Dataset content:
-=-=-

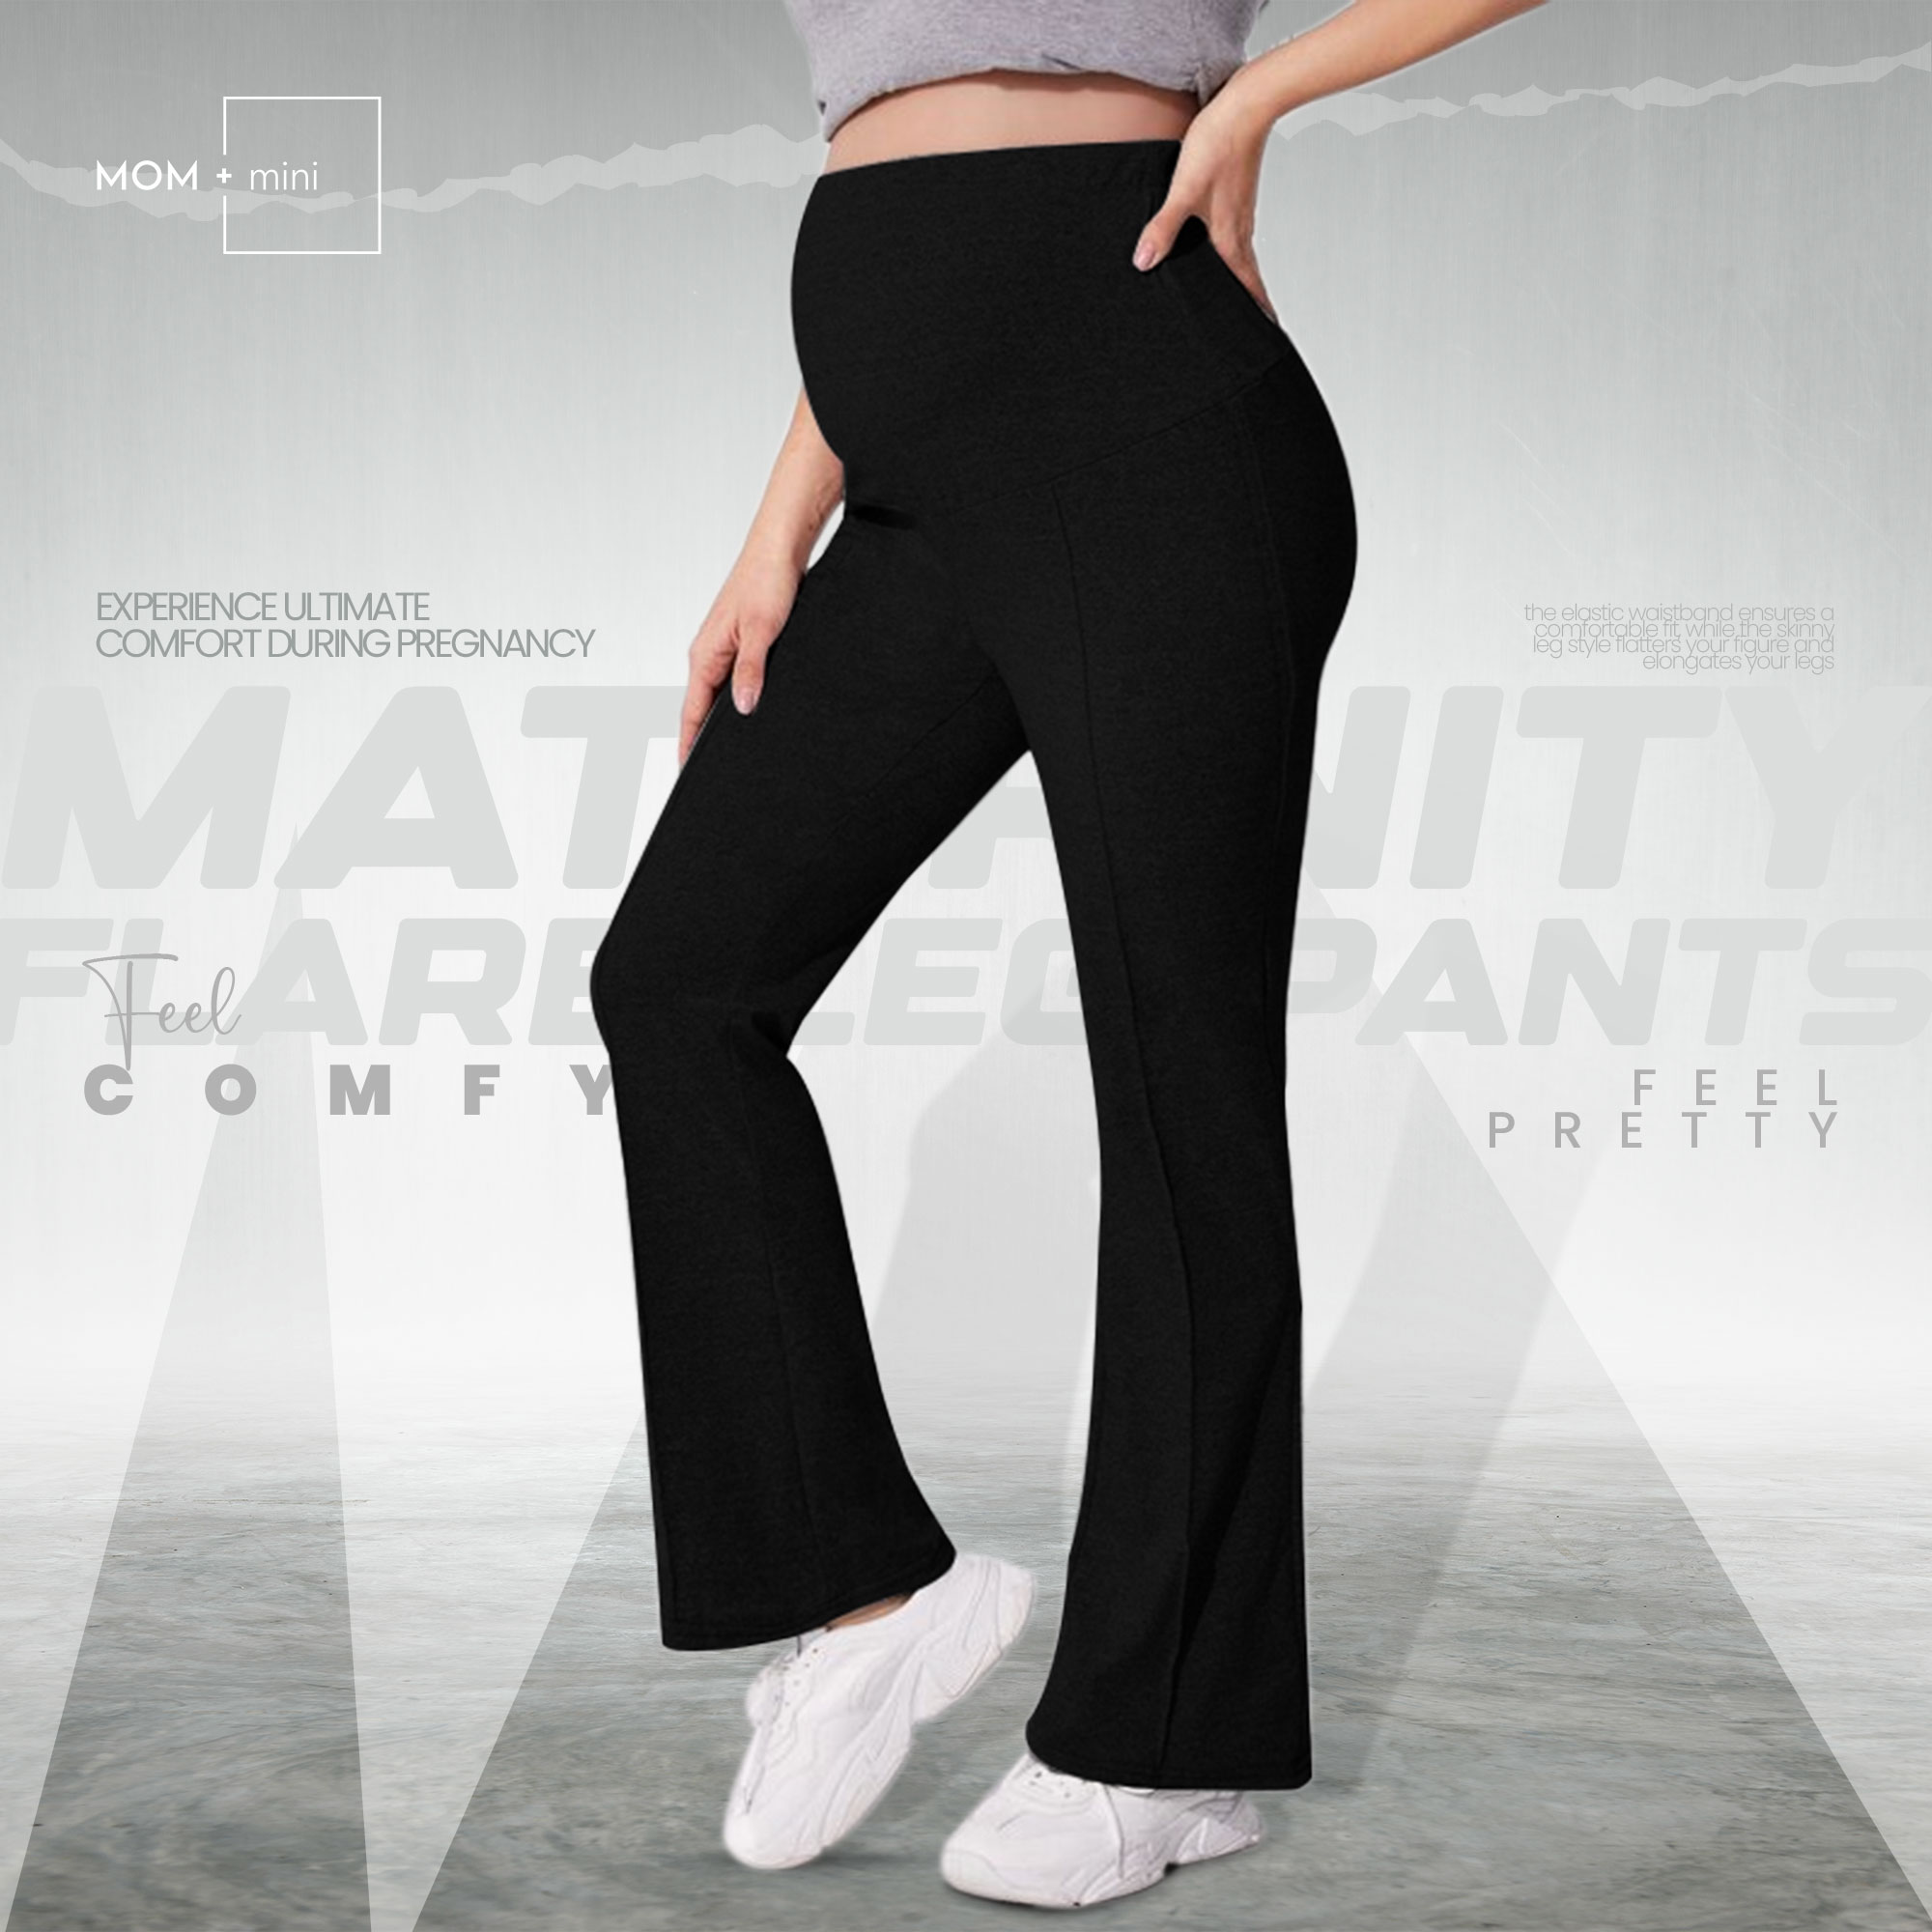 How to Wear Pants Comfortably During Pregnancy?
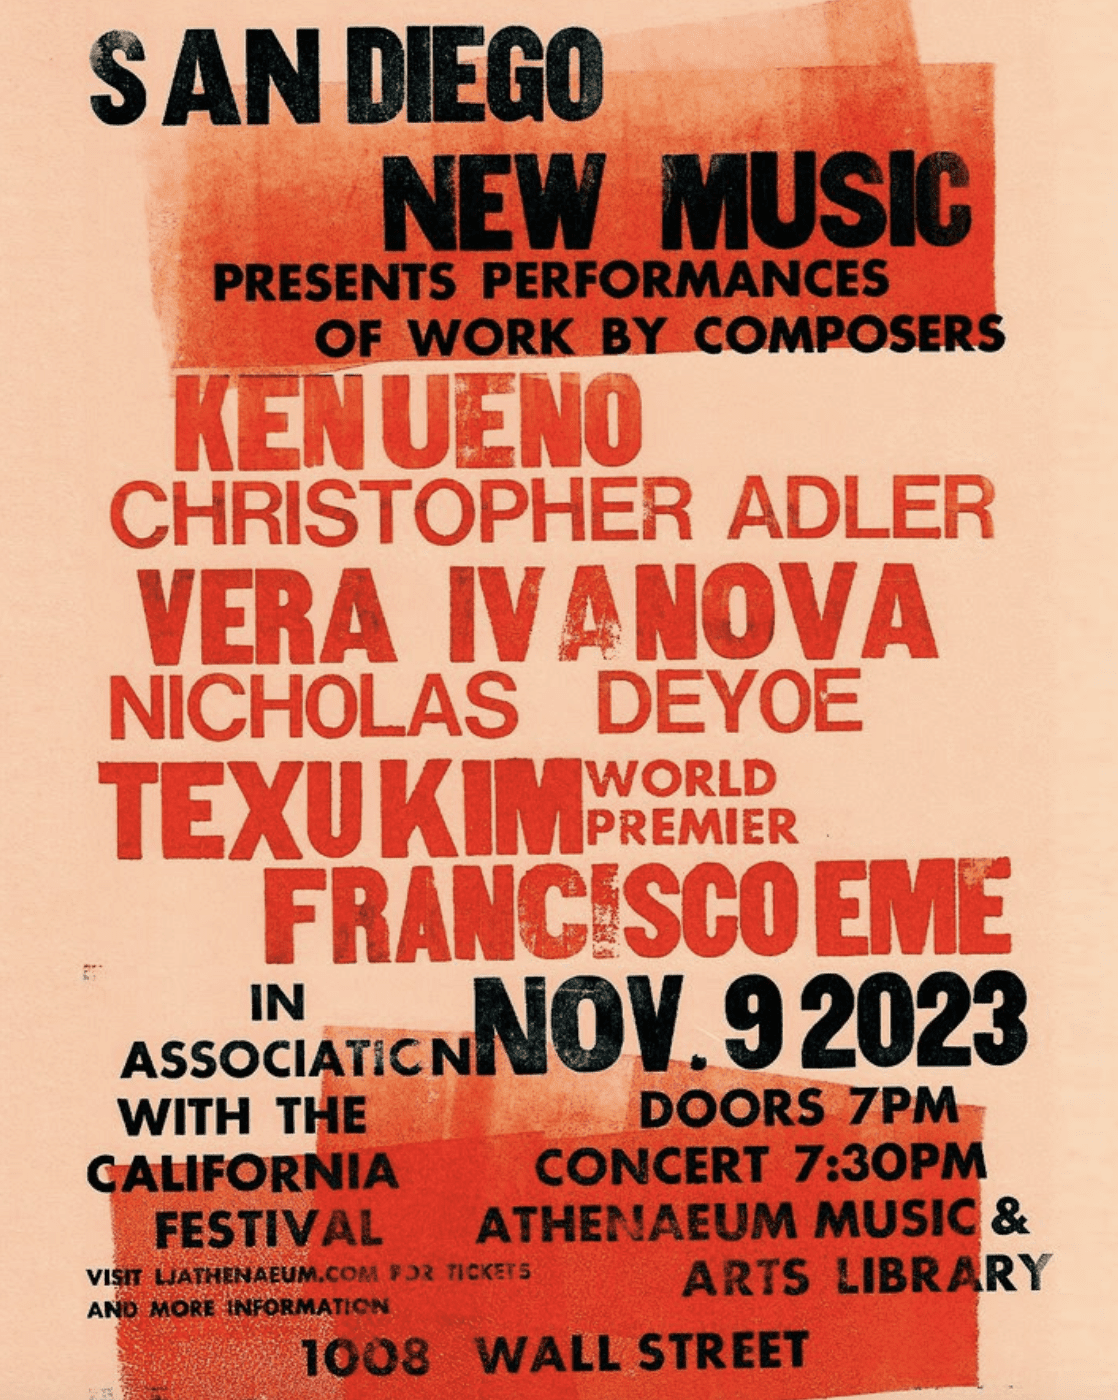 San Diego New Music festival poster
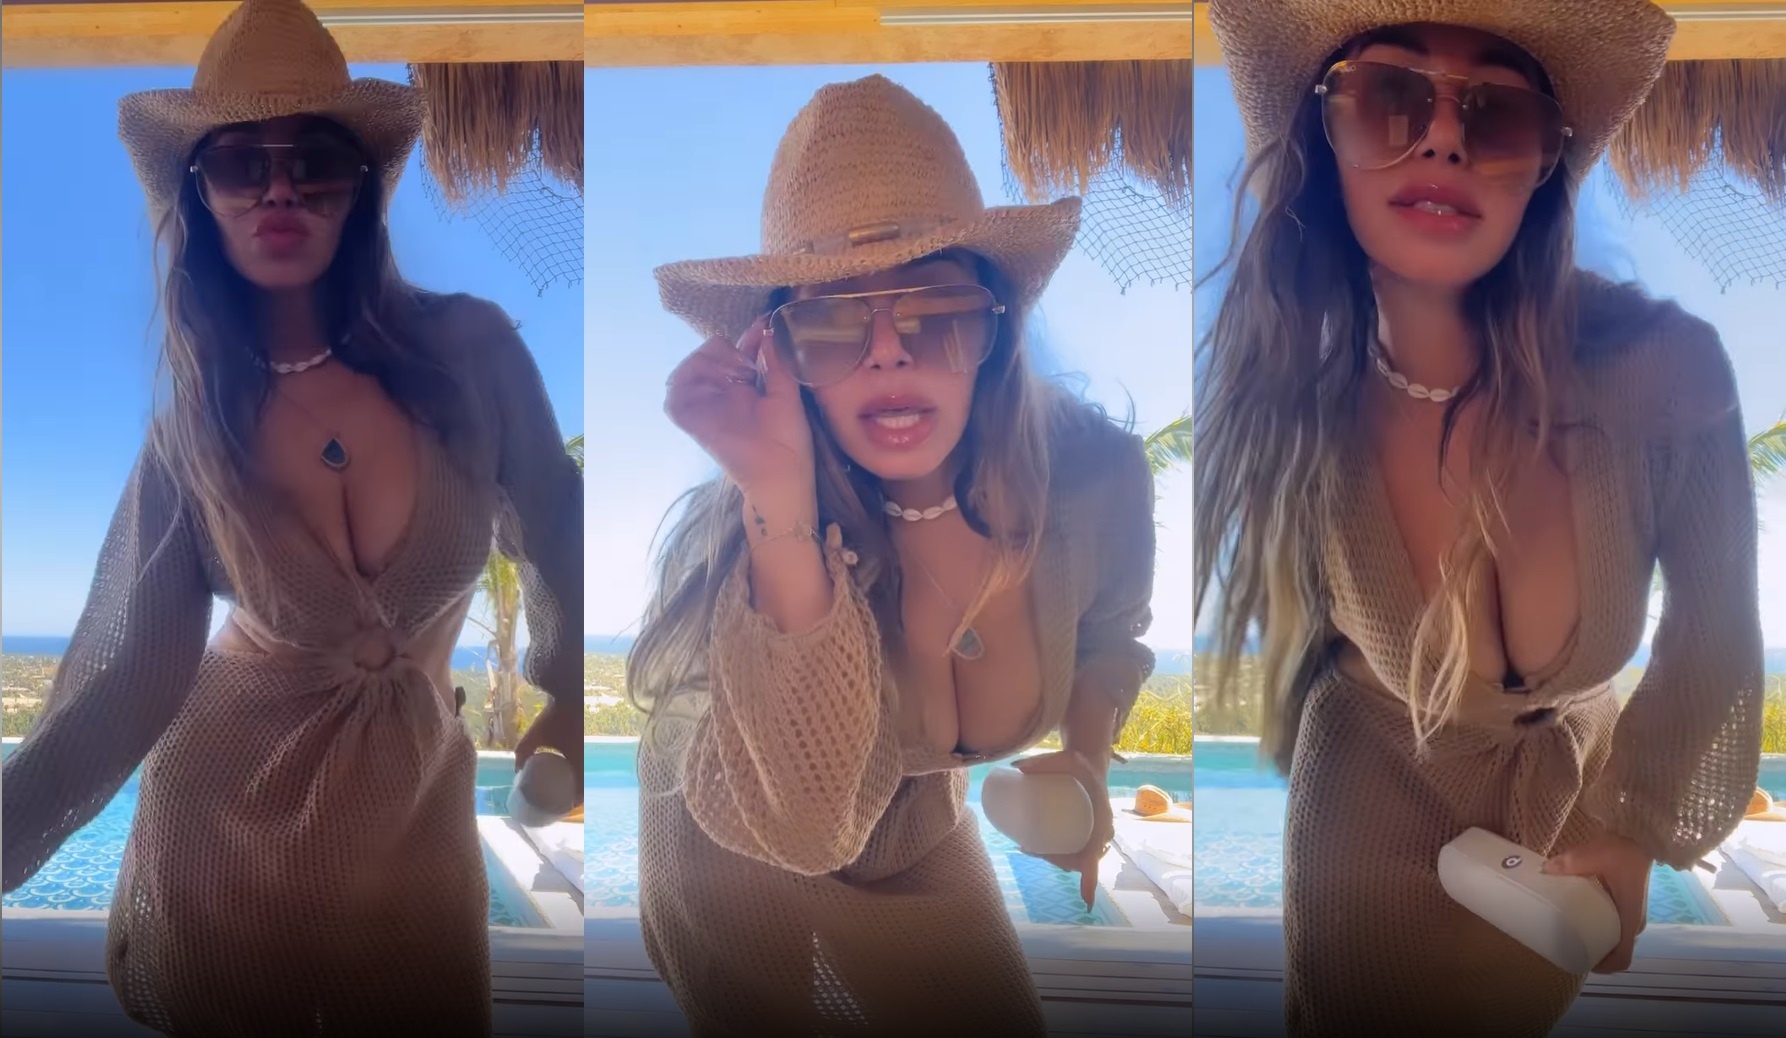 Chiquis Rivera dances by the pool in a fishnet minidress

-=-=-

Retype the listing verbatim, minus every image.

Completed exercise:
 How to Wear Pants Comfortably During Pregnancy?
 San Diego New Music festival poster
 Chiquis Rivera dances by the pool in a fishnet minidress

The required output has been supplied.